I tested using the 10000 WEHI molecules that were part of the KNIME workflow.
The test code looks like this:

smas = [x[0] for x in csv.reader(file('./wehi_pains.csv'))]
osmas = [x[0] for x in csv.reader(file('./wehi_pains.orig.csv'))]
if len(sys.argv)>1:
    keep = int(sys.argv[1])
    smas = [smas[keep]]
    osmas = [osmas[keep]]
opatts = [Chem.MolFromSmarts(x,mergeHs=False) for x in smas]

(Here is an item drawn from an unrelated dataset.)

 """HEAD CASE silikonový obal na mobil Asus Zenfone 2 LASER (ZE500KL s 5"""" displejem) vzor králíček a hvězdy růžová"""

patts = [Chem.MolFromSmarts(x,mergeHs=True) for x in smas]
print("   reading mols")
smis = [x[0] for x in csv.reader(file('./test_data/wehi_mols.csv'))]

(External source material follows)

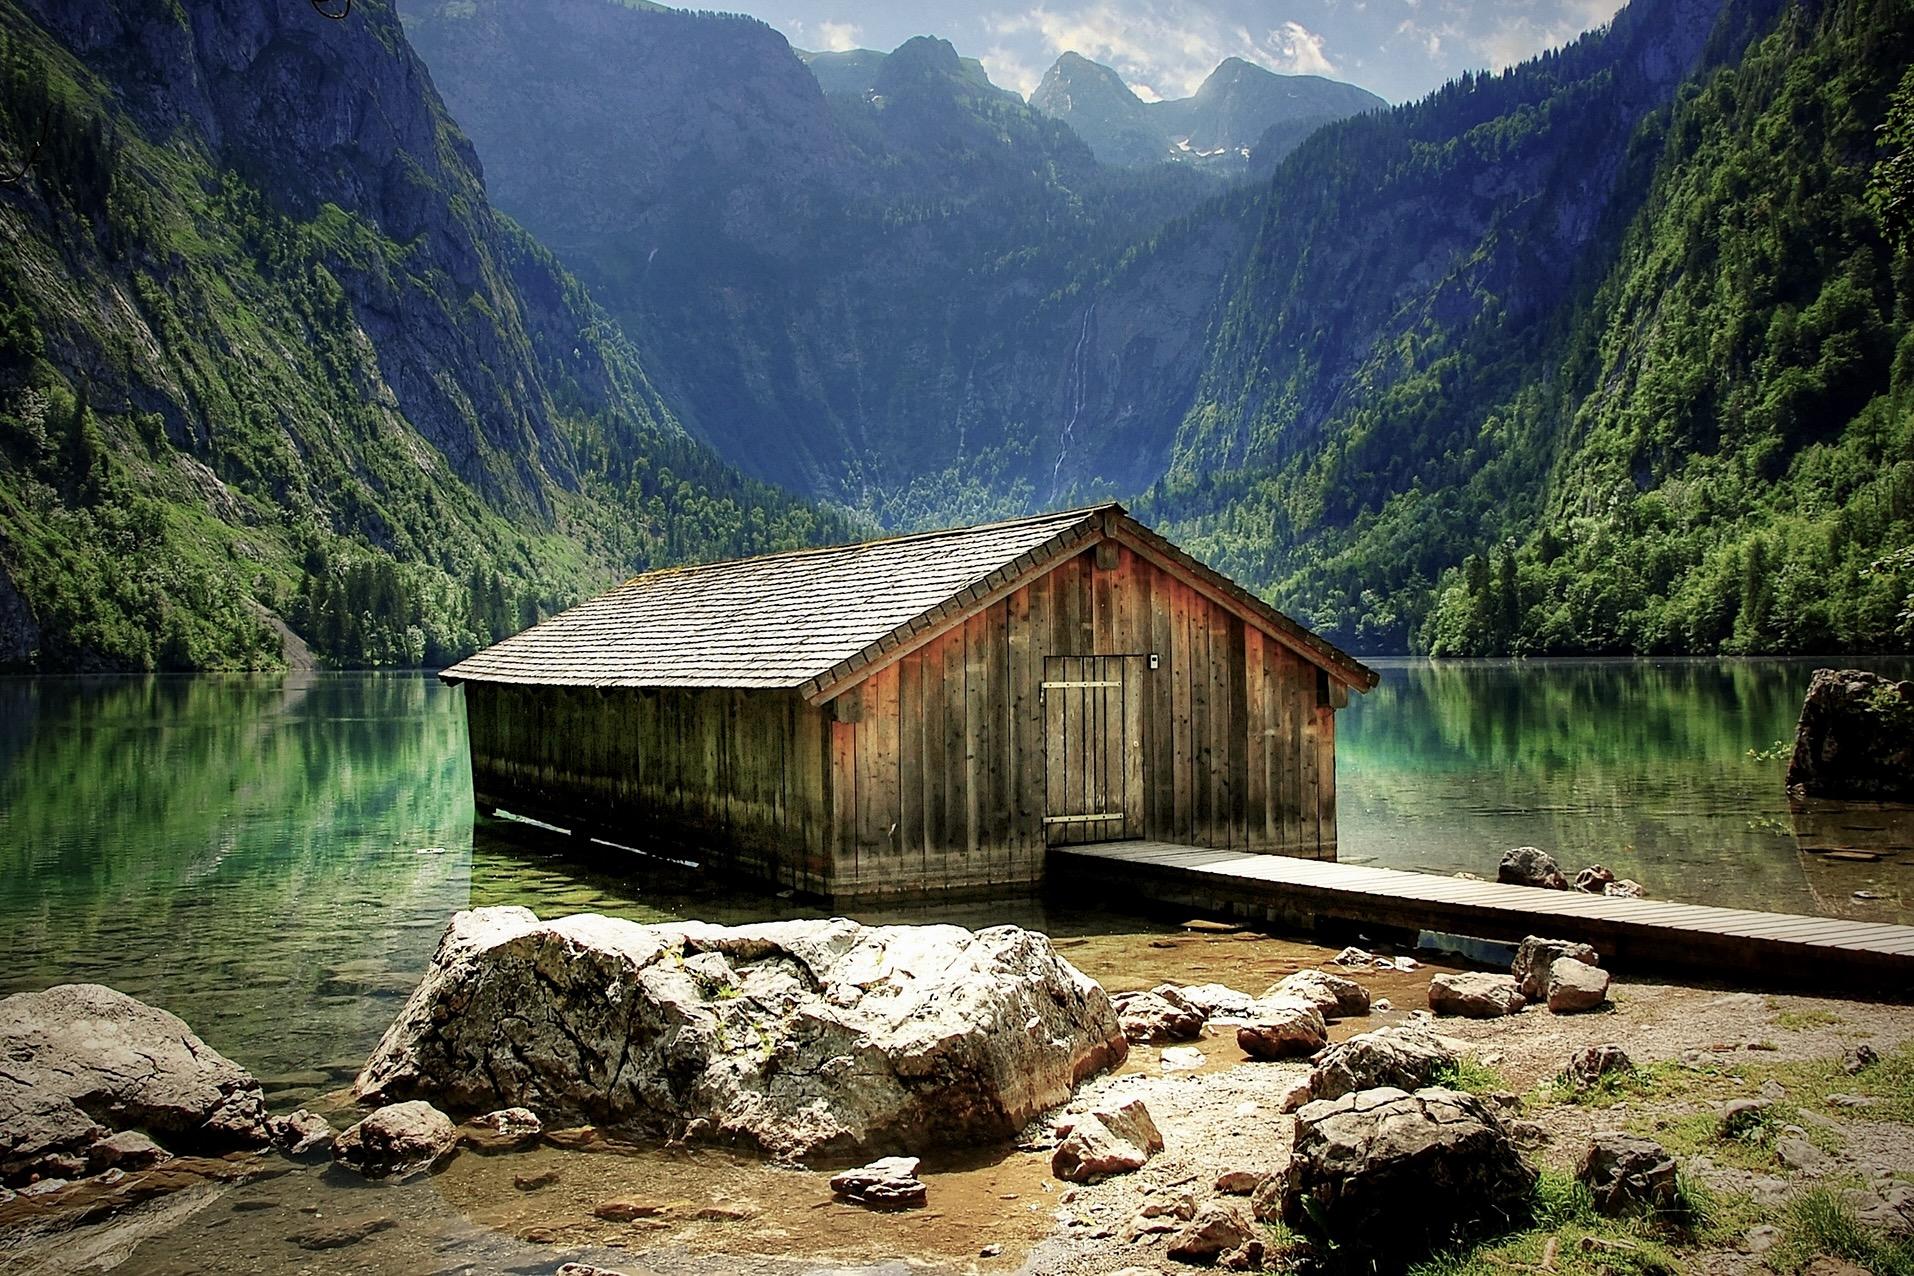 Die Hütte am Obersee beim Königssee ist auf Instagram beliebt

ms = [Chem.MolFromSmiles(x) for x in smis]
mhs = [Chem.AddHs(x) for x in ms]

print("   filtering")
matches=[]
found=0
for i,(m,mh) in enumerate(zip(ms,mhs)):
    for j,(patt,opatt) in enumerate(zip(patts,opatts)):
        t1 = m.HasSubstructMatch(patt)
        t2 = mh.HasSubstructMatch(opatt)
        if t1:
            found+=1        
        if t1^t2:
            matches.append((i,j,smis[i],smas[j]))

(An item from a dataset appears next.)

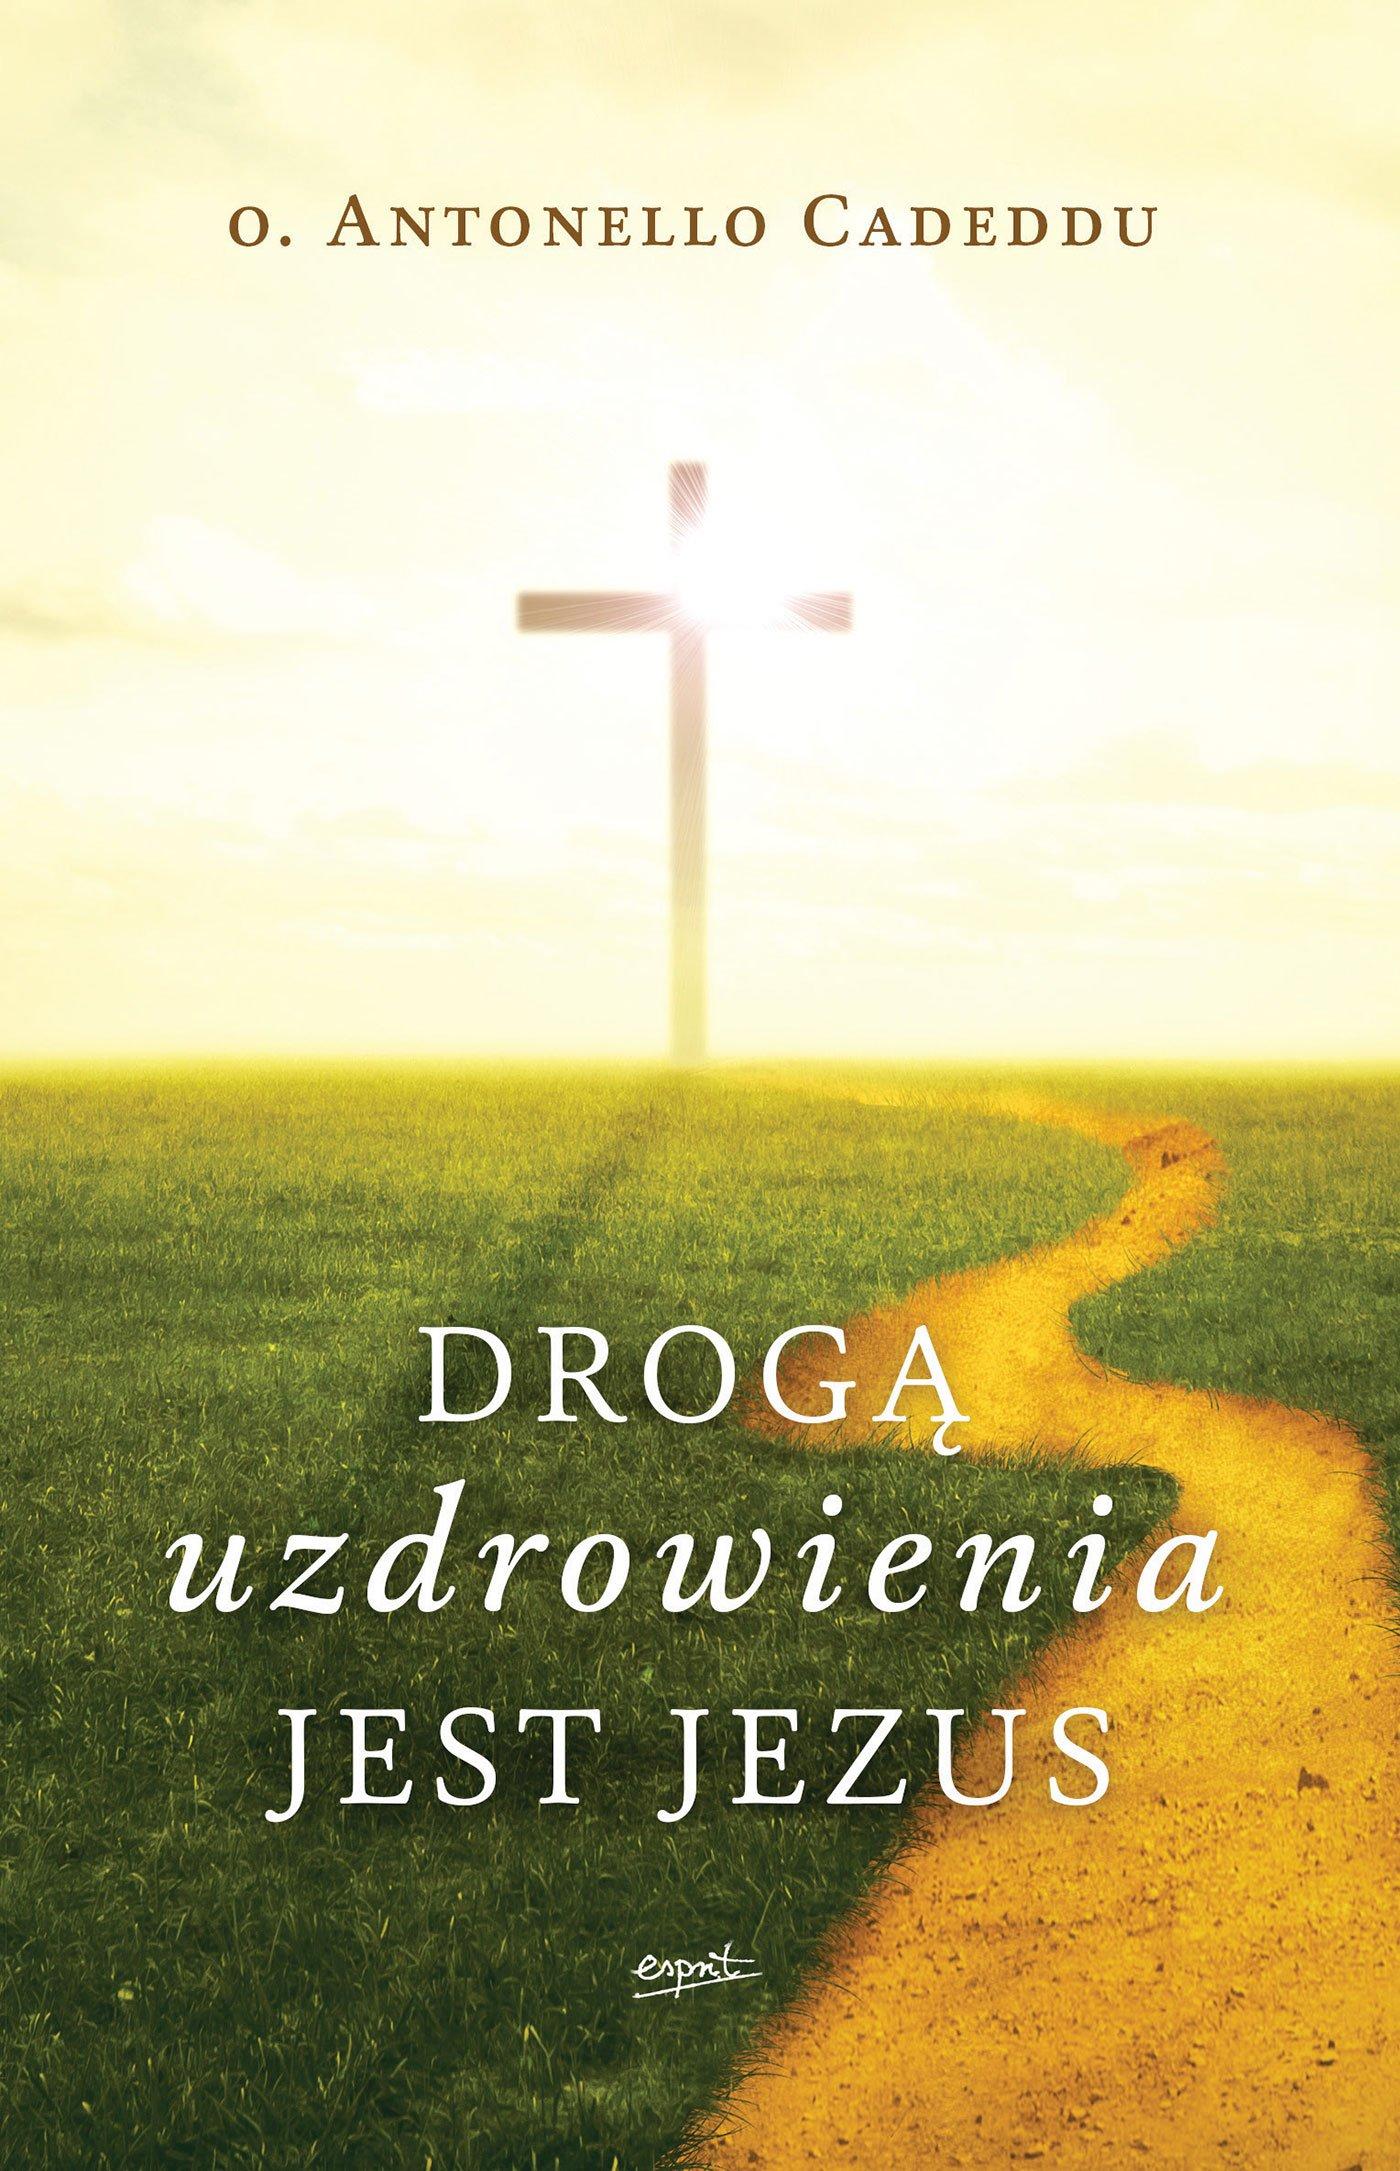 Drogą uzdrowienia jest Jezus - Ebook (Książka EPUB) do pobrania w formacie EPUB

            print(i,j,smis[i],smas[j])
    if not (i+1)%100:
        print("    Done: ",i+1," matches: ",len(matches)," found: ",found)

I'm running something similar across CHEMBL20 now. This will take a while and is certainly going to turn up additional problems.

Along the way I am keeping track of how many times each pattern occurs; would be good to make sure that we have at least one example for each pattern.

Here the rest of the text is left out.